┏━━
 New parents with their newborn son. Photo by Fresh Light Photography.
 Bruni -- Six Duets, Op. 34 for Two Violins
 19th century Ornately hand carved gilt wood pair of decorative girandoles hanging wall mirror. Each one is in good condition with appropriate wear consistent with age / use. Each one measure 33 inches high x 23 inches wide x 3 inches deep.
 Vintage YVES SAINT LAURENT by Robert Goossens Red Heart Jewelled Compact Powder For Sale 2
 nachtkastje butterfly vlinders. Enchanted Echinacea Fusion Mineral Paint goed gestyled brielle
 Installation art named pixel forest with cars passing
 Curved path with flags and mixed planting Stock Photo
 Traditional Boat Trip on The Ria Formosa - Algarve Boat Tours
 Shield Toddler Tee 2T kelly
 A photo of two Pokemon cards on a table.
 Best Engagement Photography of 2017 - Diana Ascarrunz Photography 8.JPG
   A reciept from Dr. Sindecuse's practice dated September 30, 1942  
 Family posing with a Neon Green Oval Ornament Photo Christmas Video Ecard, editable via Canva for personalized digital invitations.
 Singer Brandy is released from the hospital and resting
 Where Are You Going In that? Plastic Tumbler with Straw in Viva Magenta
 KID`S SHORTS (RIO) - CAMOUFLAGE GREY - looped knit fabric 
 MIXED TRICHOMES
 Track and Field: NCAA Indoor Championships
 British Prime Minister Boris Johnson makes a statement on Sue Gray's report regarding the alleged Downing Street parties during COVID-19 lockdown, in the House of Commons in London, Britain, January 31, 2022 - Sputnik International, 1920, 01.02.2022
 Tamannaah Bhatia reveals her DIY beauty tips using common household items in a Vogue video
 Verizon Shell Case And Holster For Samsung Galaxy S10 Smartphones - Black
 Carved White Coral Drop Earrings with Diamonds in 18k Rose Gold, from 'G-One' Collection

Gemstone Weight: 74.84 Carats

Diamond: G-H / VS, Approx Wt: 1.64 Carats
┗━━
# [WHAT IS BEING ASKED]
Transcribe each line above exactly; skip none.

# [WRITTEN SOLUTION]
 New parents with their newborn son. Photo by Fresh Light Photography.
 Bruni -- Six Duets, Op. 34 for Two Violins
 19th century Ornately hand carved gilt wood pair of decorative girandoles hanging wall mirror. Each one is in good condition with appropriate wear consistent with age / use. Each one measure 33 inches high x 23 inches wide x 3 inches deep.
 Vintage YVES SAINT LAURENT by Robert Goossens Red Heart Jewelled Compact Powder For Sale 2
 nachtkastje butterfly vlinders. Enchanted Echinacea Fusion Mineral Paint goed gestyled brielle
 Installation art named pixel forest with cars passing
 Curved path with flags and mixed planting Stock Photo
 Traditional Boat Trip on The Ria Formosa - Algarve Boat Tours
 Shield Toddler Tee 2T kelly
 A photo of two Pokemon cards on a table.
 Best Engagement Photography of 2017 - Diana Ascarrunz Photography 8.JPG
   A reciept from Dr. Sindecuse's practice dated September 30, 1942  
 Family posing with a Neon Green Oval Ornament Photo Christmas Video Ecard, editable via Canva for personalized digital invitations.
 Singer Brandy is released from the hospital and resting
 Where Are You Going In that? Plastic Tumbler with Straw in Viva Magenta
 KID`S SHORTS (RIO) - CAMOUFLAGE GREY - looped knit fabric 
 MIXED TRICHOMES
 Track and Field: NCAA Indoor Championships
 British Prime Minister Boris Johnson makes a statement on Sue Gray's report regarding the alleged Downing Street parties during COVID-19 lockdown, in the House of Commons in London, Britain, January 31, 2022 - Sputnik International, 1920, 01.02.2022
 Tamannaah Bhatia reveals her DIY beauty tips using common household items in a Vogue video
 Verizon Shell Case And Holster For Samsung Galaxy S10 Smartphones - Black
 Carved White Coral Drop Earrings with Diamonds in 18k Rose Gold, from 'G-One' Collection

Gemstone Weight: 74.84 Carats

Diamond: G-H / VS, Approx Wt: 1.64 Carats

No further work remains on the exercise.